Почему никто не вызывает этот терроризм?

Представьте себе этот сценарий: стрелок входит в христианский общественный центр и открывает огонь, убивая трех человек и ранив нескольких других. Когда преступник взят под стражу, он кричит «Аллаху Акбар». При дальнейшем расследовании выясняется, что виновные давно связаны с группой, приверженной увековечиванию актов насилия и широко именуемой «исламистской террористической организацией». Кроме того, предполагаемый преступник имеет длительный опыт организации и распространения публикаций, пропагандирующих и разжигающих насилие, когда он нацелен на различные группы, с особым упором на христиан, которые он демонизирует и дегуманизирует с использованием графического языка.

Несомненно, это событие будет помечено и расследовано как акт терроризма, а преступник будет описан как террорист. Так почему же произошло в Канзас-Сити? И почему СМИ так неохотно даже считают использование термина «терроризм» в этом случае?

В воскресенье 13 апреля 2014 года Фрейзер Гленн Миллер, как сообщается, открыл огонь за пределами еврейского общинного центра в Канзас-Сити. На следующий день атака стала главной новостью на сегодняшнем шоу NBC и была представлена ​​на обложке USA Today, хотя ее едва упоминалось на титульной странице The New York Times. Слово «терроризм» не упоминалось ни в одном из новостей, которое я видел. На момент написания этой статьи термин «преступление на почве ненависти» был условно и условно применен.
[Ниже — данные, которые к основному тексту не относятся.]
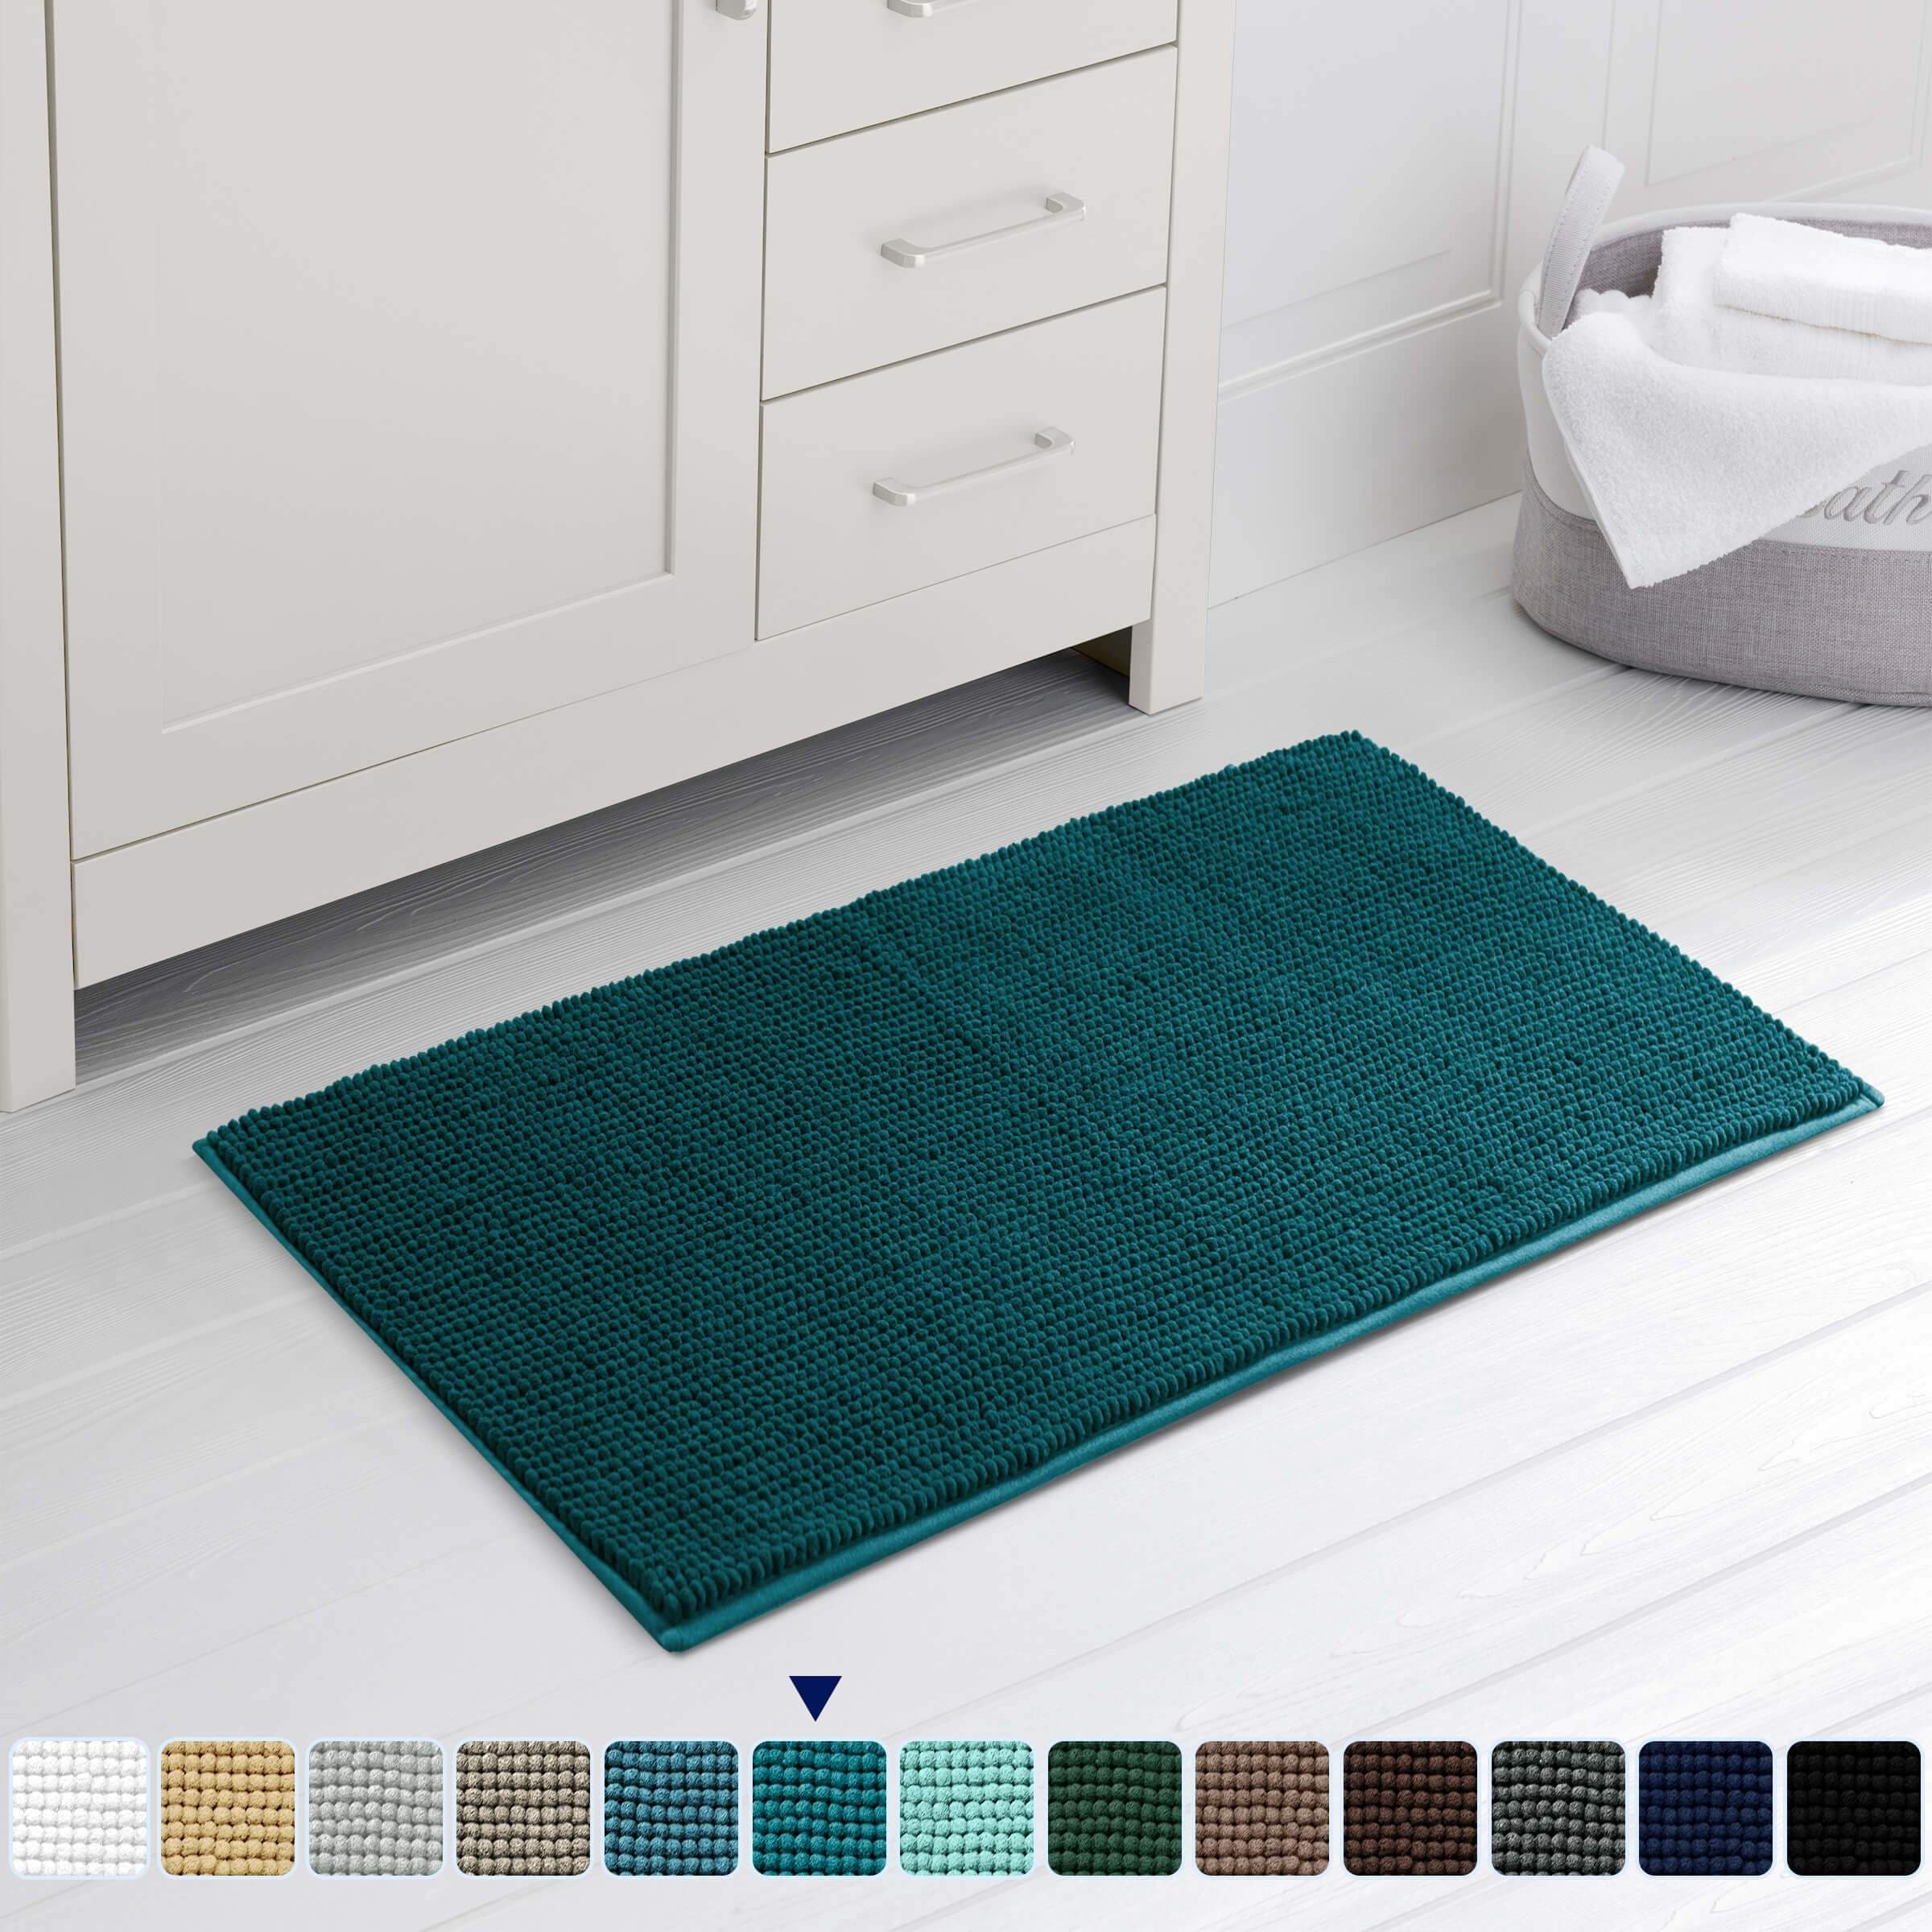 https://ak1.ostkcdn.com/images/products/is/images/direct/013d47504b96152a848c1208bfb8c54a6fdbadf3/Subrtex-Chenille-Bathroom-Rugs-Soft-Super-Water-Absorbing-Shower-Mats.jpg

Тем не менее, время атаки составляет два дня до Пасхи, и, как сообщается, стрелок кричал «Хейл Гитлер», когда его взяли под стражу. Очевидно, что это имеет некоторую символическую ценность, которая также может говорить о проблеме мотивации. Чрезвычайно важным здесь является участие преступника в ККК (и ответвление, называемое партией «Белый патриот»), а также его роль в публикации газеты «Арийская альтернатива».
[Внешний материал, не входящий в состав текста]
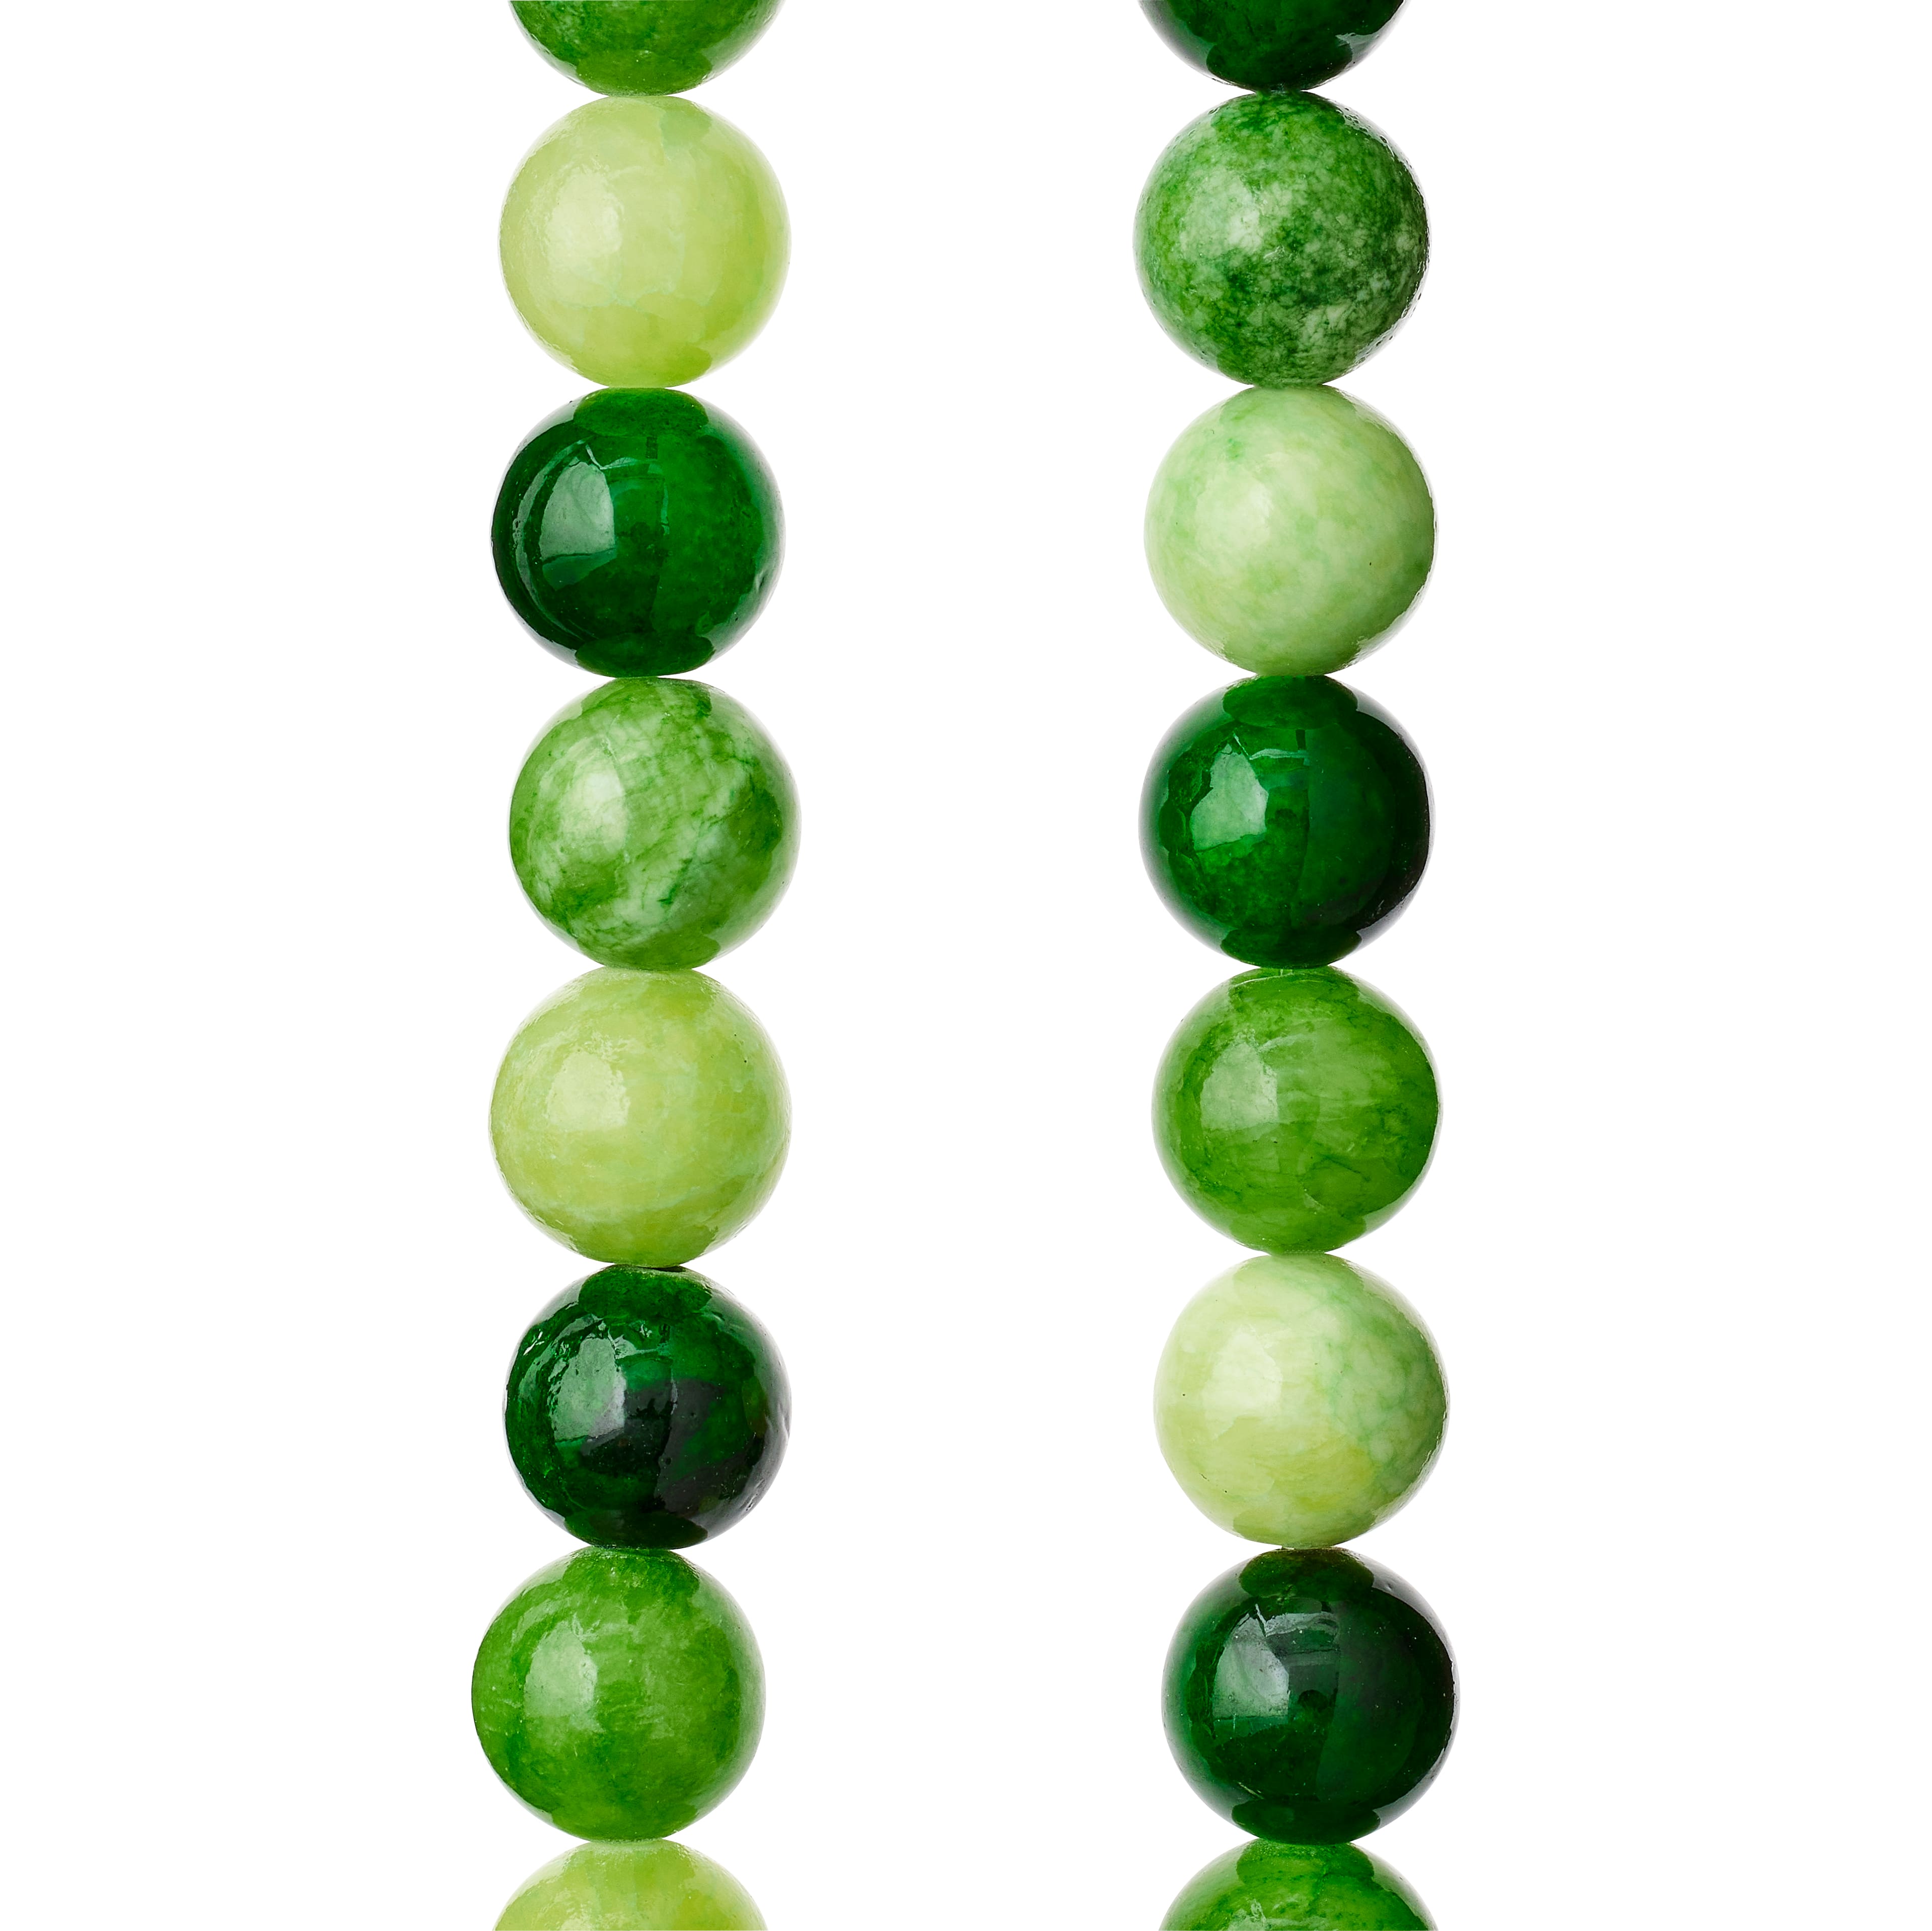 Green Iridescent Glass Faceted Beads, 3mm by Bead Landing | Michaels

Было бы иначе, если бы в атаке были бомбы? Как насчет бомб, которые он научился делать в онлайн-журнале? А что, если атакующий вместо того, чтобы кричать «Хейл Гитлер», вместо этого кричал «Аллаху Акбар»?

Это, для меня, представляет собой довольно большое и зияющее слепое пятно в том смысле, что мы принципиально видим , воспринимаем и интерпретируем акты насилия.

Понятно, что, по-видимому, средства массовой информации ведут к тому, как этот акт насилия помечен из источников, близких к расследованию. Я, конечно, понимаю, что это постоянное расследование, и нам нужны дополнительные подробности. Однако это не касается того, что я поднимаю здесь.

Мотивы имеют значение, поскольку мы оцениваем, можно ли что-то определить как террористический акт. Но по мере того, как этот трагический пример обнажился, очевидно, что и личность как исполнителей, так и жертв. Опять же, без сомнения, преступник кричал «Аллаху Акбар», поскольку он был задержан, что почти гарантировало бы немедленную маркировку этого как террористического акта, а также расследование и дело по соответствующим подсчетам.

В некотором роде это ужасное событие и итоговое освещение напоминают мне о освещении стрельб в храме Сикх в Милуоки и о том, как применялся термин «преступление на почве ненависти». Участие Уэйда Майкла Пэра в Белом супрематическом сообществе и особенно в музыкальной сцене получило значительное внимание. Но в общественном диалоге насилие не соответствовало назначению в качестве террористического акта.

Я не имею в виду, что это еще один пример в болоте дефиниционных дебатов о том, что такое терроризм или нет. Скорее, я имею в виду, что это критика того, как этот термин применяется по-разному – и в этом случае, по-видимому, на основе функций идентичности. Потому что здесь, основываясь на том, что мы знаем до сих пор, поведенческие элементы и мотивационные элементы, безусловно, гарантируют использование слова «Т».